Minimal versatile genetic perturbation technology (mvGPT) showed promise in addressing human genetic diseases, including transthyretin amyloid cardiomyopathy (ATTR-CM), according to a study published recently in Nature Communications.
The study showed that the mvGPT platform integrated simultaneous gene editing, activation and silencing in human cells, offering hope for managing complex disorders such as ATTR-CM. With precise tools and multiple delivery methods, mvGPT has significant potential for transformative in vivo applications, the study said.
What is ATTR-CM?
Transthyretin amyloidosis cardiomyopathy (ATTR-CM) is a rare progressive disease of the heart muscle that leads to congestive heart failure. It occurs when the transthyretin protein produced by the liver is unstable. Symptoms include fatigue; shortness of breath; irregular heart rate or palpitations; swelling of the legs, ankles and stomach; brain fog; wheezing; and dizziness. It often goes underdiagnosed because of a lack of awareness and knowledge of the disease. There is currently no cure for ATTR-CM.
“Here, we present mvGPT, a streamlined and modular platform to perform simultaneous and orthogonal endogenous gene editing, activation, and repression in human cells,” the authors of this study said.
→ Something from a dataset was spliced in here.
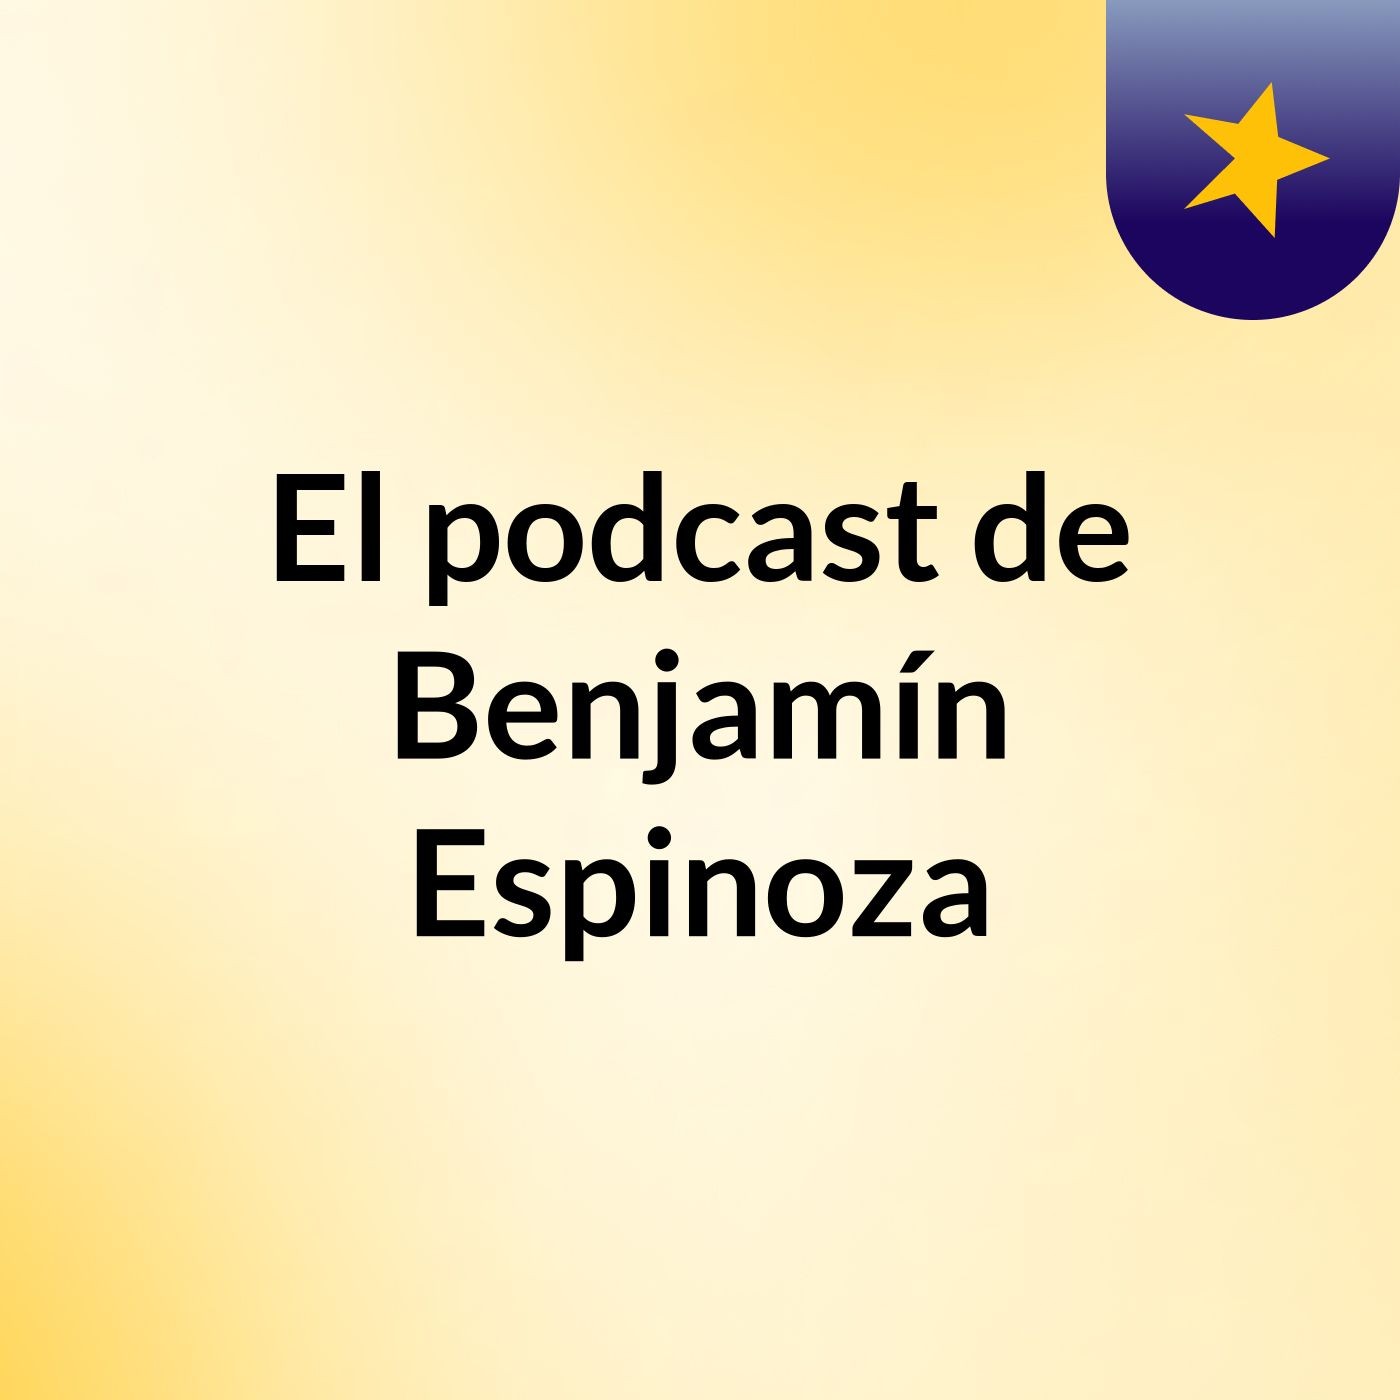 El podcast de Benjamín Espinoza

Read more about therapies for ATTR-CM
The mvGPT is a modular system designed to execute independent genomic and transcriptomic perturbations. It achieved precision using an engineered compact prime editor alongside a prime editing guide RNA and a nicking guide RNA. By incorporating advanced activator modules and a multiplex array to process RNAs for various genetic interventions, mvGPT enhanced its flexibility and effectiveness.
In ATTR-CM, mvGPT silenced the transthyretin gene, potentially reducing harmful amyloid deposition in cardiac tissues.
“mvGPT represents a compact and versatile molecular technology that enables effective simultaneous and orthogonal gene editing, activation, and repression in human cells, providing better support for the genetic interrogation of complex biology, the study of complex genetic diseases, and the development of human gene therapy,” the authors said.
These diverse applications highlighted mvGPT’s adaptability in addressing different therapeutic challenges. mvGPT successfully corrected a c.3207C>A mutation in the ATP7B gene, which is associated with Wilson’s disease, and upregulated expression of PDX1, a gene crucial for treatment of Type 1 diabetes.
Enhancements to the prime editing system have significantly increased efficiency. Researchers optimized nuclear localization signals and truncated reverse transcriptase domains to streamline the editor while maintaining robust activity. In addition, engineered pegRNAs improved stability and accuracy of editing, further advancing mvGPT’s capability to perform complex genomic modifications, the study said.
The technology also featured gene activation and transcriptional upregulation capabilities. By leveraging prime editors with MPH-recruiting single guide RNAs, mvGPT effectively boosted gene expression at target loci. This ability expanded its therapeutic range, enabling interventions for diseases requiring enhanced gene function.
Through its compact design, programmable nature and success across varied delivery methods, mvGPT could potentially pave the way for innovative genetic therapies, study authors said. Patients with ATTR-CM and other genetic conditions may benefit from future applications of mvGPT as the technology holds promise for accurate and effective disease management.